Jean-Christophe Lafaille: Annapurna 2002

First the words then the pictures...

Ascent of Annapurna (8,091metres) by the East Ridge on round trip.

Annapurna’s Base Camp, May 16th 2002, 10.00 am… I can hear over the radio Jean Christophe ; he shouted for joy at Annapurna’s summit!!! The emotion is so deep that we both cry…

1992: At the age of 27, Jean-Christophe departs with Pierre Beghin for the South Face of Annapurna. It is his first Himalayan experience.

At 7,500 meters, Pierre and Jean-Christophe decide to descend in a storm that busted (broke) the previous night, which has not abated. Just as they are about to begin their descent by rappel, the rock upon which Pierre is suspended gives away and he plunges into the abyss of the South Face right in front of a terrified Jean-Christophe who is suddenly lost in this vastness lonely place.

His descent towards the bottom (and survival) was five days long. He had a broken arm caused by a stone's fall and no gear on the descent of this sheer 2,000-metre face.

1995: Jean-Christophe decides to return, in solo trip to the south face of Annapurna by the Bonnington Spur. He turns back 300 vertical meters from the summit due to adverse weather conditions.

1998: Jean-Christophe goes back to the South Face of Annapurna, again by the Bonnington Spur, but this time with 3 companions. The mountain is very snowy and an accident occurs below Camp 1 at 5,700 meters. 4 Sherpas are trapped in an avalanche, one loses his life.

Jean-Christophe said never again to Annapurna, never again to this darn mountain. Too many deaths, too many accidents, too many memories. After 1998, he climbed Manaslu (8,163 meters) in the spring of 2000. In 2001, he reached the summit of the mountain of all mountains, K2 (8,611), the 2nd highest peak in the world.

2002: A chance to share a permit for the south face of Annapurna arises. The American, Ed Viesturs, is the expedition leader. Jean Christophe and Ed get in contact via email and over the Internet. Jean Christophe has a good feeling about the team and he feels ready to return to this mountain for the 4th time.

10 years have passed since his first attempt on Annapurna and today...  he wanted to climb the south face solo, by a new route. The conditions on the south face not being very good, he changes his plans and joins the others on an attempt by the big East Ridge. 7.5 km of ridge from 7,500 meters to the summit, at 8,091 meters.

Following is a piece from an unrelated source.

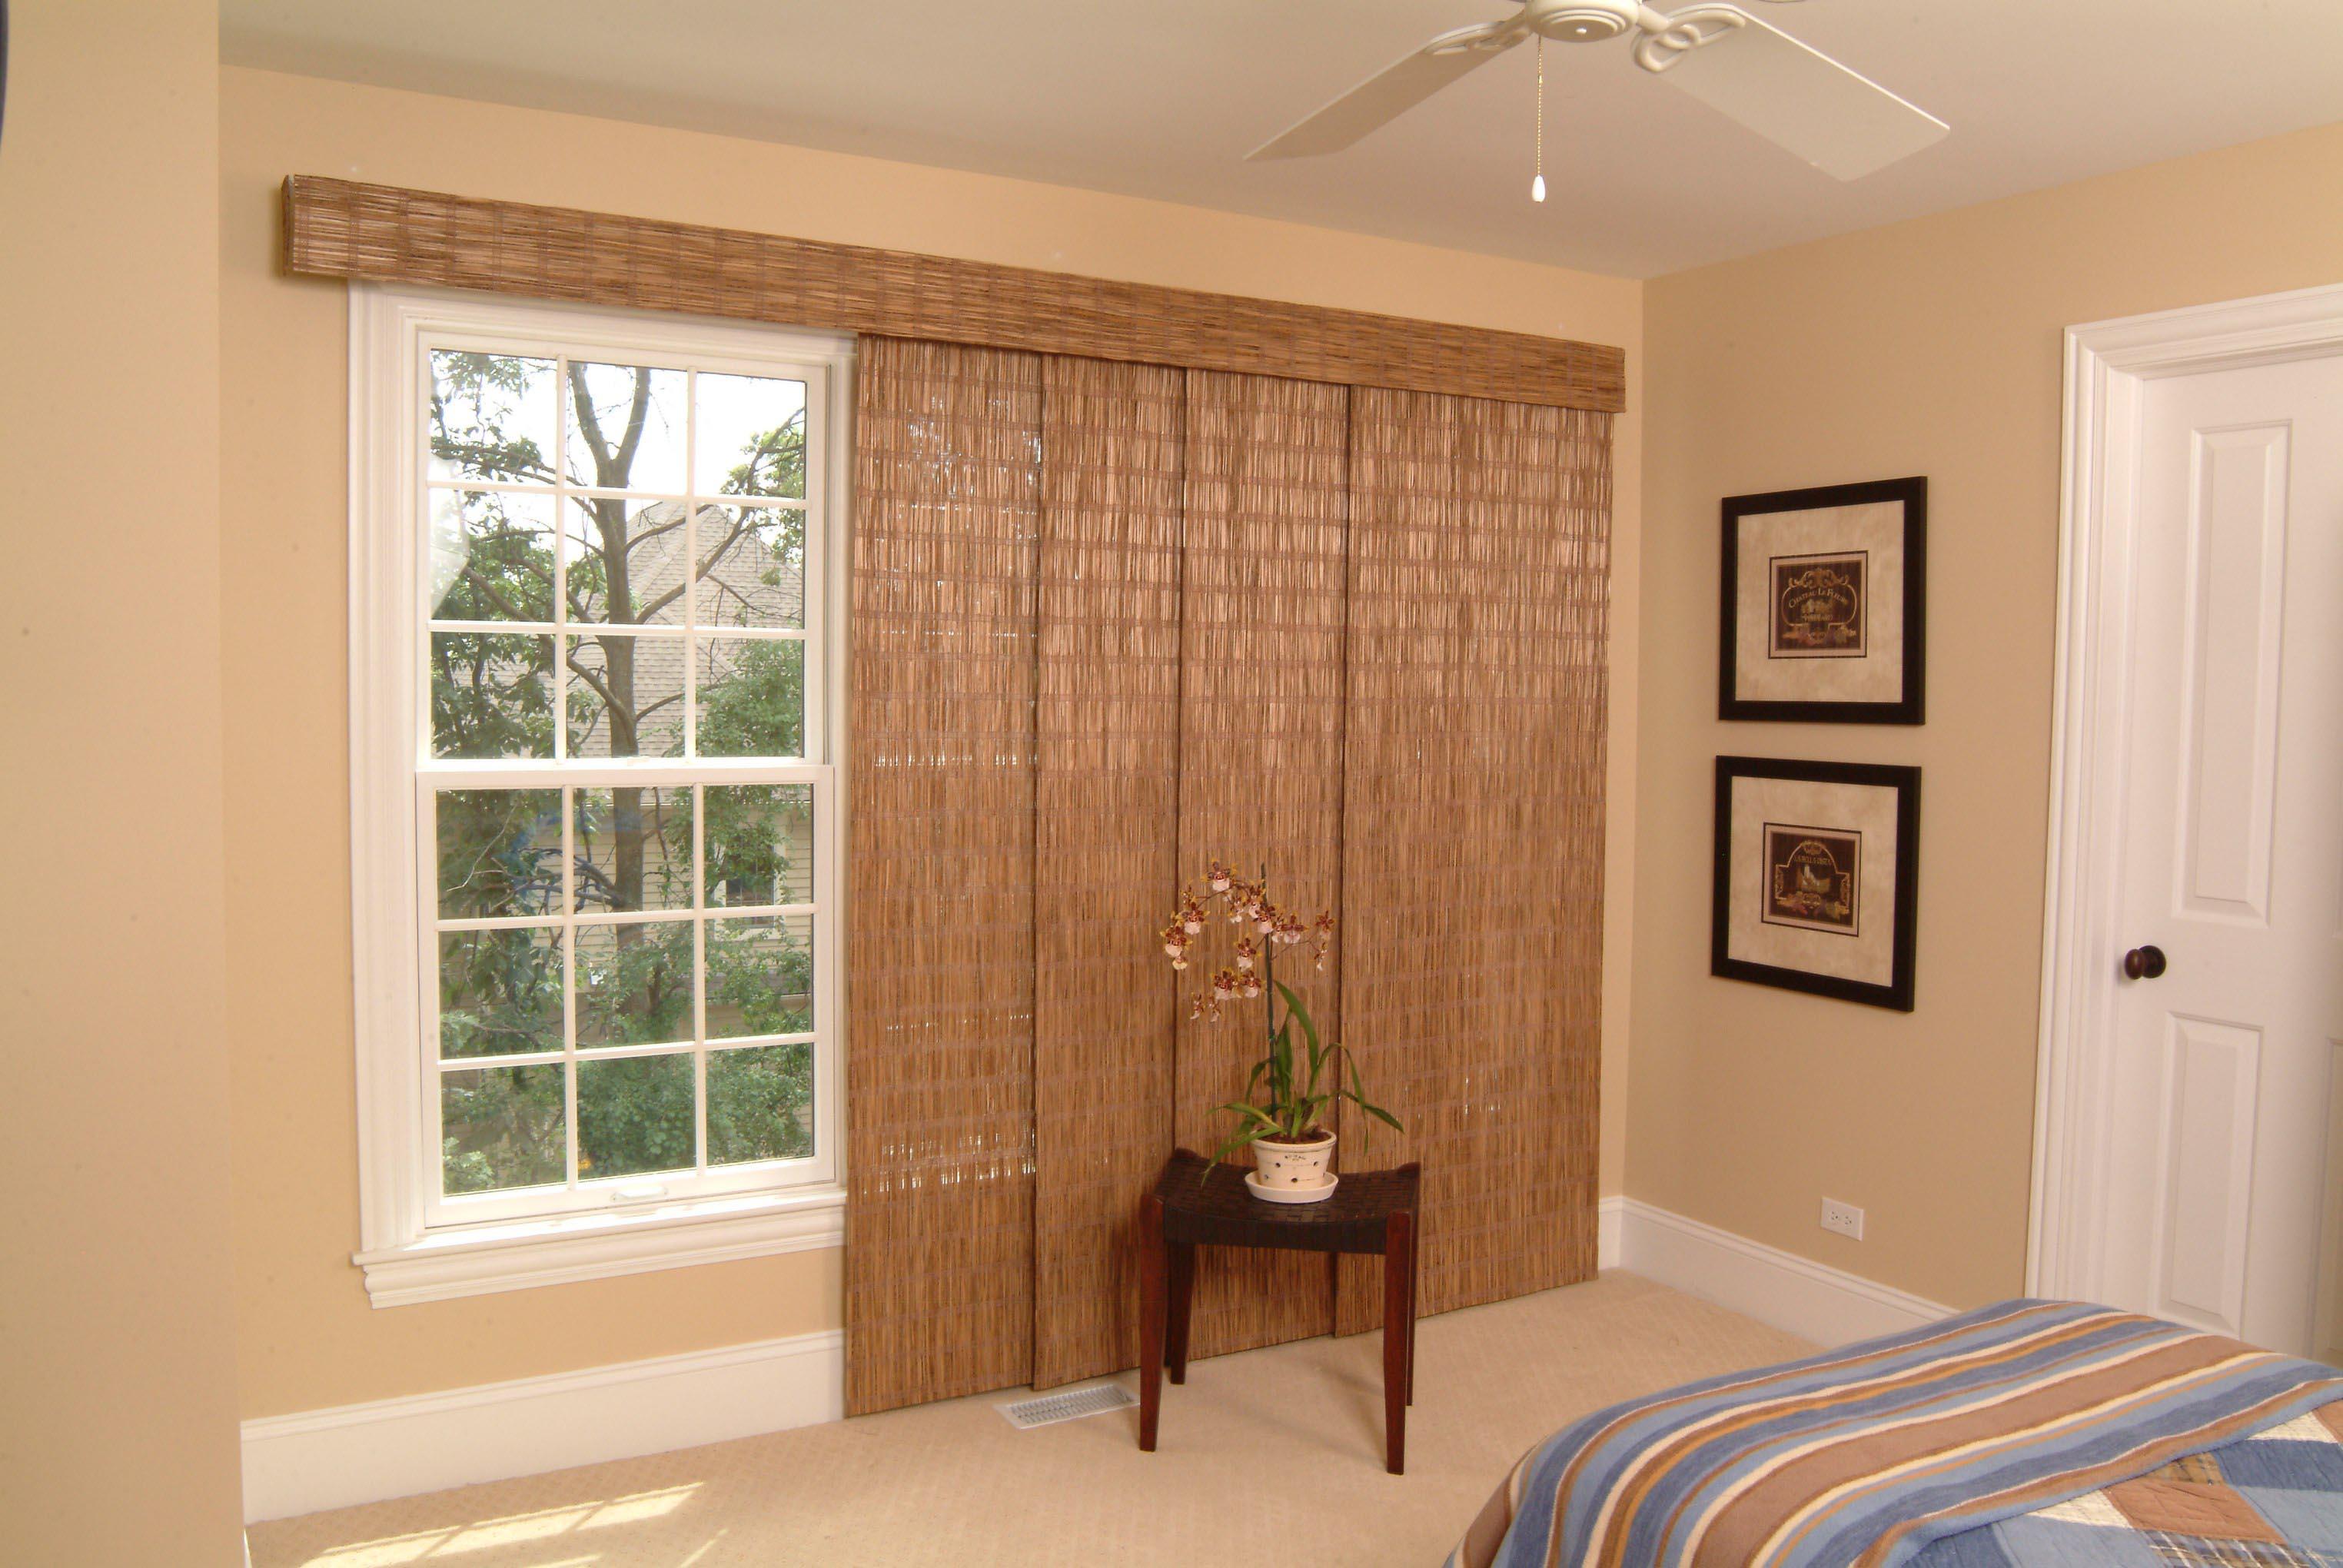 Beautiful Bedroom Screens Room Dividers Part 12 Beautiful Bedroom Screens Room Dividers Bedroom Screens

The first and only ascent of this route was made in 1984 by the Swiss climbers Erhard Loretan and Norbert Joos. They descended from the summit by the historic route on the North Face.

On the 8th April, Jean-Christophe arrives at Annapurna's base camp at 4,200 meters. He discovers the South Face and notices immediately that the route on the South Face is out of the question. Too much ice, and too dry in some places. It does not mater, as the East Ridge is a very, very nice route; not too technical, but very pleasing to the eye.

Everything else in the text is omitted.